Varner--most important witness of all up to that point--told of what he had seen. Bryce himself, followed by Ransford, gave medical evidence; Mitchington told of his examination of the dead man's clothing and effects in his room at the Mitre. And Mitchington added the first information which was new to Bryce.
"In consequence of finding the book about Barthorpe in the suit-case,"
said Mitchington, "we sent a long telegram yesterday to the police there, telling them what had happened, and asking them to make the most careful inquiries at once about any townsman of theirs of the name of John Braden, and to wire us the result of such inquiries this morning.
This is their reply, received by us an hour ago. Nothing whatever is known at Barthorpe--which is a very small town--of any person of that name."
So much for that, thought Bryce. He turned with more interest to the next witness--the Duke of Saxonsteade, the great local magnate, a big, bluff man who had been present in court since the beginning of the proceedings, in which he was manifestly highly interested. It was possible that he might be able to tell something of moment--he might, after all, know something of this apparently mysterious stranger, who, for anything that Mrs. Partingley or anybody else could say to the contrary, might have had an appointment and business with him.
But his Grace knew nothing. He had never heard the name of John Braden in his life--so far as he remembered. He had just seen the body of the unfortunate man and had looked carefully at the features. He was not a man of whom he had any knowledge whatever--he could not recollect ever having seen him anywhere at any time. He knew literally nothing of him--could not think of any reason at all why this Mr. John Braden should wish to see him.
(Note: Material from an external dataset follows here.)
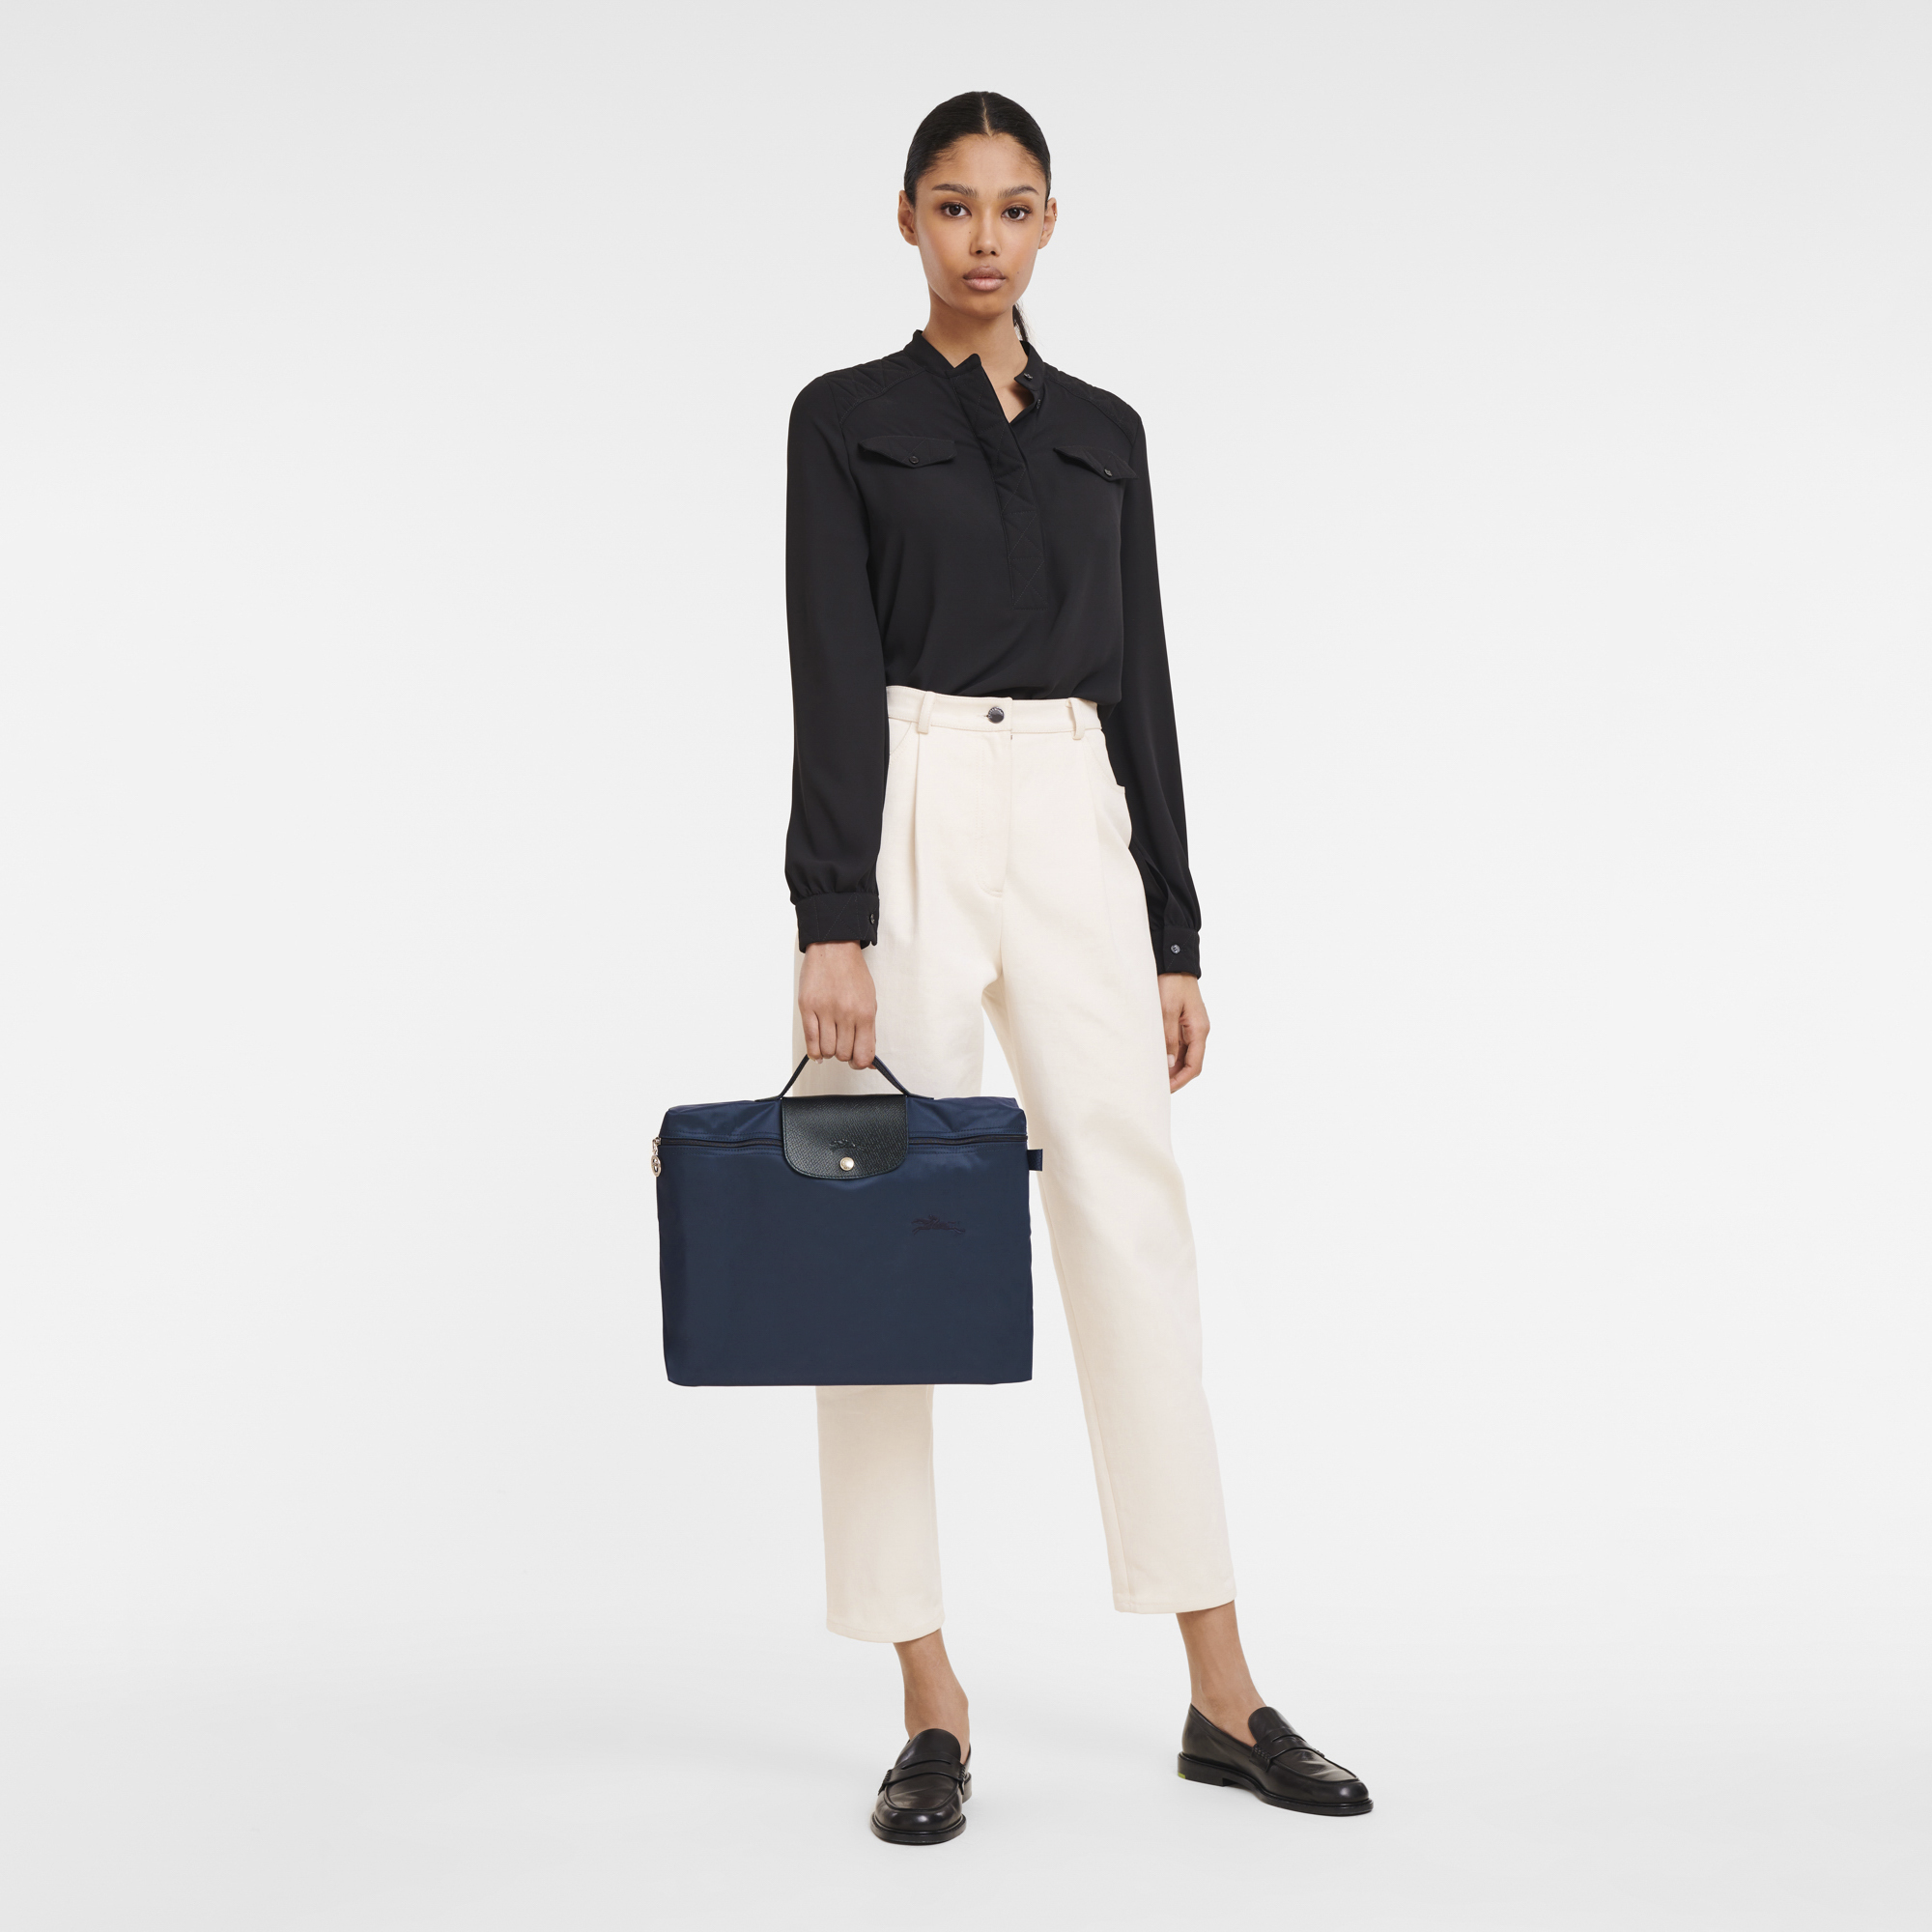 CLOSED) Longchamp Le Pliage Filet - Mini & Standard, Men's Fashion, Bags,  Sling Bags on Carousell

"Your Grace has, no doubt, had business dealings with a good many people at one time or another," suggested the Coroner. "Some of them, perhaps, with men whom your Grace only saw for a brief s.p.a.ce of time--a few minutes, possibly. You don't remember ever seeing this man in that way?"
"I'm credited with having an unusually good memory for faces," answered the Duke. "And--if I may say so--rightly. But I don't remember this man at all--in fact, I'd go as far as to say that I'm positive I've never--knowingly--set eyes on him in my life."
"Can your Grace suggest any reason at all why he should wish to call on you?" asked the Coroner.